Strengthening U.S. relations with the gulf states “is a big deal — it’s got to be one of the central components of the U.S. strategy after the Iran deal,” said Ilan Goldenberg, a former Obama administration official now at the Center for a New American Security, a nonpartisan think tank in Washington.
Goldenberg compared the White House outreach to the way the Nixon administration worked to bolster security ties to Japan and Taiwan after opening relations with China, their main regional rival, in 1972.
But the Obama administration faces unique challenges.
The Saudis especially have been disappointed with Obama’s approach to the Middle East. They see themselves battling Iran in a sectarian war raging across Iraq, Yemen, Lebanon and Syria, and fear easing of the economic sanctions in a nuclear deal could reinvigorate Iran’s economy and make it even more of a regional threat.
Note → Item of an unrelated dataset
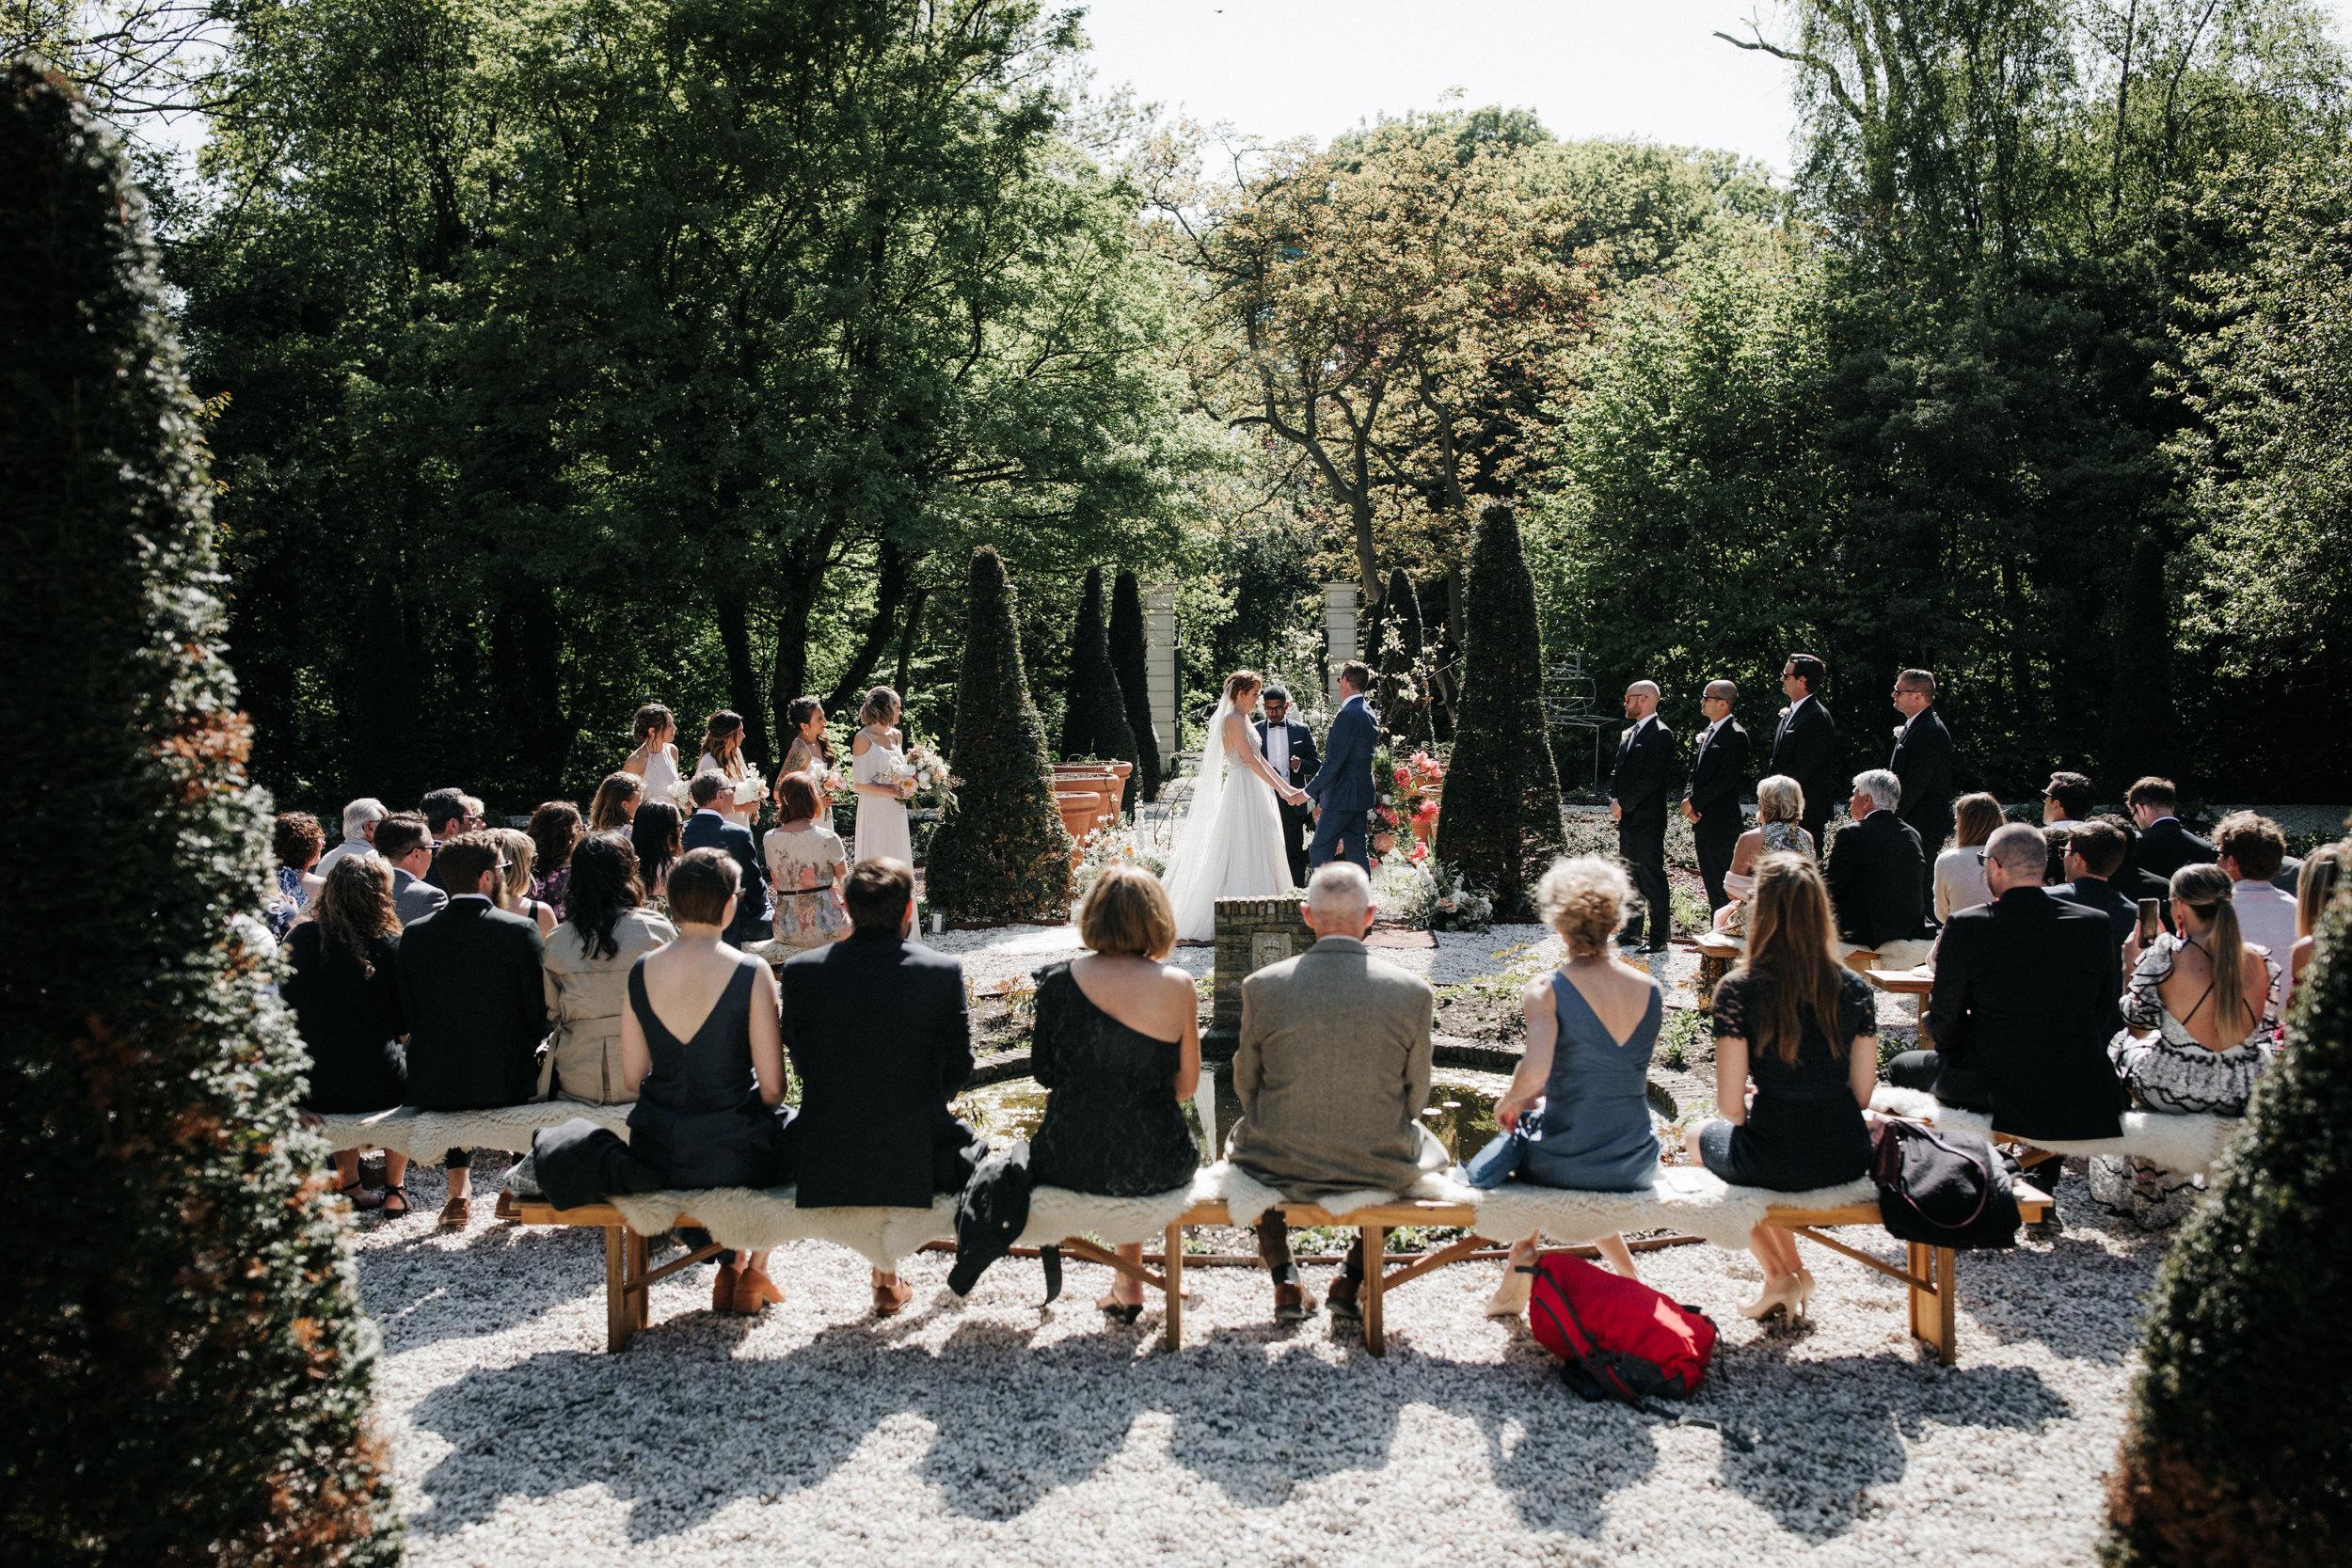 #apbloem #florist #kerkstraat #amsterdam #flowers #bloemen #bloemist #flowers #bouquet #boeket #arrangement #photoshoot #peony #bruiloft #trouwen #bloemenbezorgen #wedding #love #liefde #event #evenement #garden #tuin #bridalgown #blackandwhite #bruidsjurk #justmarried #bridalcouple #weddingflowers #weddingphotography #weddinginspiration #pastel #ceremony #ceremonie

Saudi officials have made clear that they don’t want a public battle with Washington, and on Monday issued cautious statements of support for the framework. “We hope there will be a deal based on the principles that the U.S. government has articulated to us,” Adel Jubeir, the Saudi ambassador to the United States, told reporters.
But privately, many Saudi officials say they are skeptical that the deal will stop Tehran from eventually developing nuclear weapons because the restrictions it would impose are not permanent.
“The regime will sit and wait for 10 or 15 years to pass and it will restore its nuclear activities legally and legitimately,” said Mustafa Alani, a security studies scholar at the Gulf Research Center in Dubai who is close to the kingdom’s rulers.
Such concerns have been expressed privately to the Obama administration through the region’s embassies, Alani said. The aim isn’t to torpedo an eventual agreement. “We believe a diplomatic solution is better than any other solution, military or more economic sanctions,” he said.
One challenge for the White House is whether it can expand a defense relationship that already is enormous. Bahrain is home to the U.S. Navy’s 5th Fleet, and the Pentagon keeps 35,000 troops, two aircraft carrier task forces, cyber warfare specialists, drone aircraft units and more in the region. The United States and Saudi Arabia are in the middle of a 20-year, $60-billion arms deal.
It’s also not clear that U.S. nuclear security commitments would be useful or welcomed by the gulf states.
The administration would have a hard time trying to get Congress, which has been skeptical about the U.S.-Saudi relationship, to enact a treaty that put a U.S. nuclear “umbrella” over Arab Sunni nations, as the United States has over Japan and South Korea.
Such agreements aim to deter nuclear attack by warning foes that the United States would retaliate with overwhelming force if an ally is attacked with a nuclear weapon.
The administration might try to adopt the policy by administrative action to end-run Congress. But the gulf states might not welcome a public statement to guarantee their safety. Because of domestic anger at the United States, these governments have long been leery of being too publicly aligned with Washington.
“They want an American security blanket, but without us having to shout about it,” said Simon Henderson, a Persian Gulf specialist at the Washington Institute for Near East Policy, a public policy group in Washington.
U.S. officials say they may try to persuade the Saudis to sign a so-called 1-2-3 agreement, which gives countries special U.S. help building a civilian nuclear power industry as long as they accept restrictions to prevent development of a nuclear weapons program. But analysts said the Saudis probably would not agree because, at least in theory, it would give them less freedom to pursue a nuclear program someday than the Iranians.
Another possible gesture would be to declare the gulf states “major non-NATO allies,” said Thomas Lippman, a Saudi specialist at the nonpartisan Middle East Institute in Washington. The designation, applied to close allies like Japan, Australia and Israel, provides special help in buying weapons and obtaining U.S. weapons.